Den Gegner mit einem saftigen Abwehrschnitt zermürben - das ist Roffmanns Sache nicht. Auch mit 80 sucht er sein Heil in der Offensive. „Das Geschiebe mag ich nicht, dafür bin ich zu ungeduldig. Ich möchte immer am liebsten angreifen - wie schon im Fußball“, sagt Roffmann, der einst auch ein gefürchteter Stürmer bei Adenstedts Kickern war. Seine Strafstöße verwandelte er so souverän, dass Bayerns Arjen Robben nur staunen könnte. Mehrfach übertölpelte er die Torhüter auch mit direkt verwandelten Eckbällen. Seine Mitspieler verpassten ihm passenderweise den Spitznamen „Treffix“. „Bekannt war ich allerdings auch für zeitweiligen Eigensinn“, räumt Roffmann mit einem Schmunzeln selbstkritisch ein. Bis 1985 noch stürmte der Adenstedter für die SG-Alt-Herren.

Zwölf Jahre zuvor legte er auch mit dem Sport mit dem kleineren Ball los. Mehr als 700 Spiele hat Roffmann seit 1973 für Adenstedts Tischtennis-Teams absolviert. „Am liebsten bin ich in Bewegung“, betont der ehemalige Kundendienstleiter für Haushaltsgeräte bei Bosch/Siemens. Und Tischtennis sei nunmal eine Sportart, die man ohne größeres Verletzungsrisiko bis ins hohe Alter betreiben könne. „Vom körperlichen Ablauf her ist es nicht so strapaziös wie zum Beispiel Tennis“, vergleicht Roffmann. Die SGA hat sich zur regelrechten Tischtennis-Senioren-Hochburg entwickelt. Montags und freitags wird beim Training geschmettert, geschupft und geklönt. „Sechs Spieler haben die Schwelle von 70 Jahren überschritten. Der Zusammenhalt bei uns ist gut“, sagt der gelernte Elektriker.
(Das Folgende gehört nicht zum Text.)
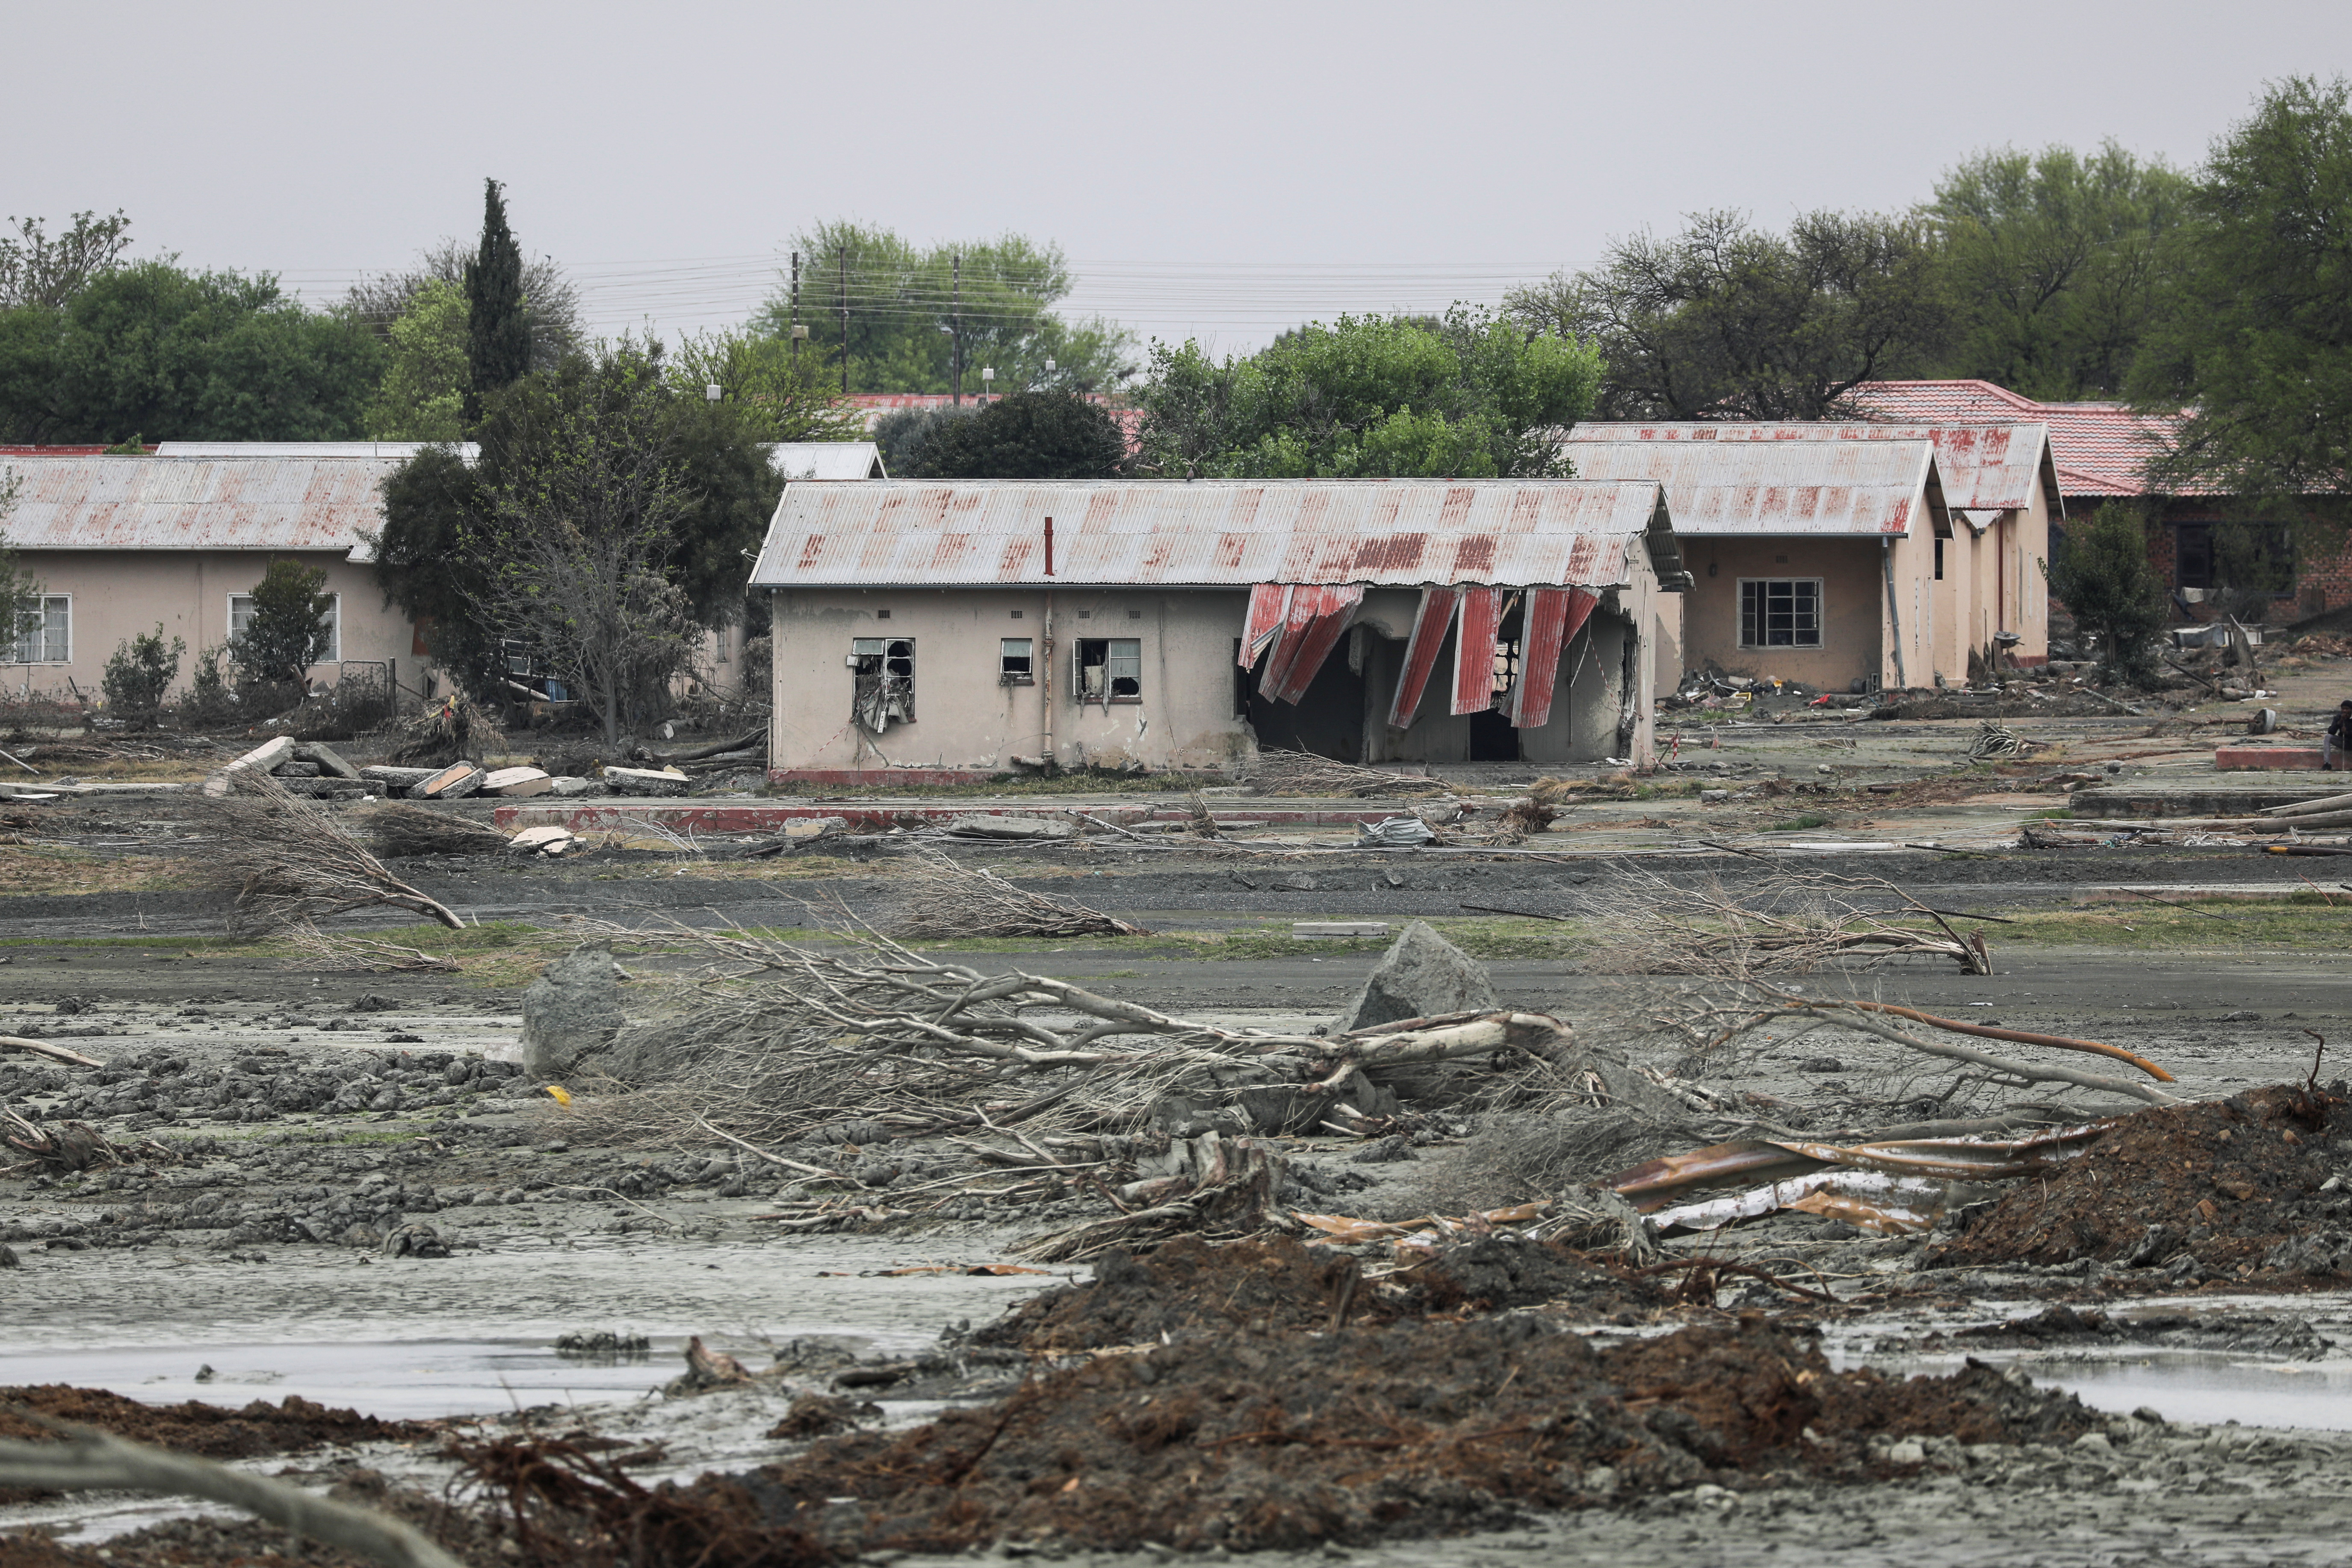 Houses that were destroyed by sludge when the Jagersfontein diamond tailings dam wall collapsed on September 11, in Jagersfontein in the Free State province

Wie viel Energie der 80-Jährige hat, das bekommen seine Gegner in der 4. Kreisklasse zu spüren. In der vierten Mannschaft der SGA hat Spitzenspieler Roffmann eine 13:5-Bilanz erkämpft. Niederlagen kann er verkraften. „Mein Grundsatz lautet: Gewinnen wollen, verlieren können.“

Auf dem Sofa faulenzen - das kann Roffmann jedoch nicht. Vor 17 Jahren ist er zwar in beruflichen aber nicht in privaten Ruhestand gegangen. Im 1400 Quadratmeter großen Garten wird gemäht und gedüngt, er verfolgt die Tischtennis-Spieler seiner Tochter Dagmar Oppermann mit der SGA in der Bezirksoberliga, sonntags bricht er zu rund 50 Kilometer langen Radtouren auf. „Hin immer gegen den Wind“, erzählt Roffmann. Und: Am Computer kennt er sich aus, bearbeitet Bilder oder gestaltet Grußkarten. Auf dem Stubentisch liegt ein Werk von Comedian-Philosoph Dieter Nuhr, zuletzt verschlang er Joachim Fuchsbergers ironische Betrachtung „Altwerden ist nichts für Feiglinge“. Zum Lachen geht Roffmann nicht in den Keller - lieber zum Feiern. Heute haben sich seine Teamkollegen und der Abteilungsvorstand angesagt. „Das wird ein langer Abend werden“, vermutet Roffmann.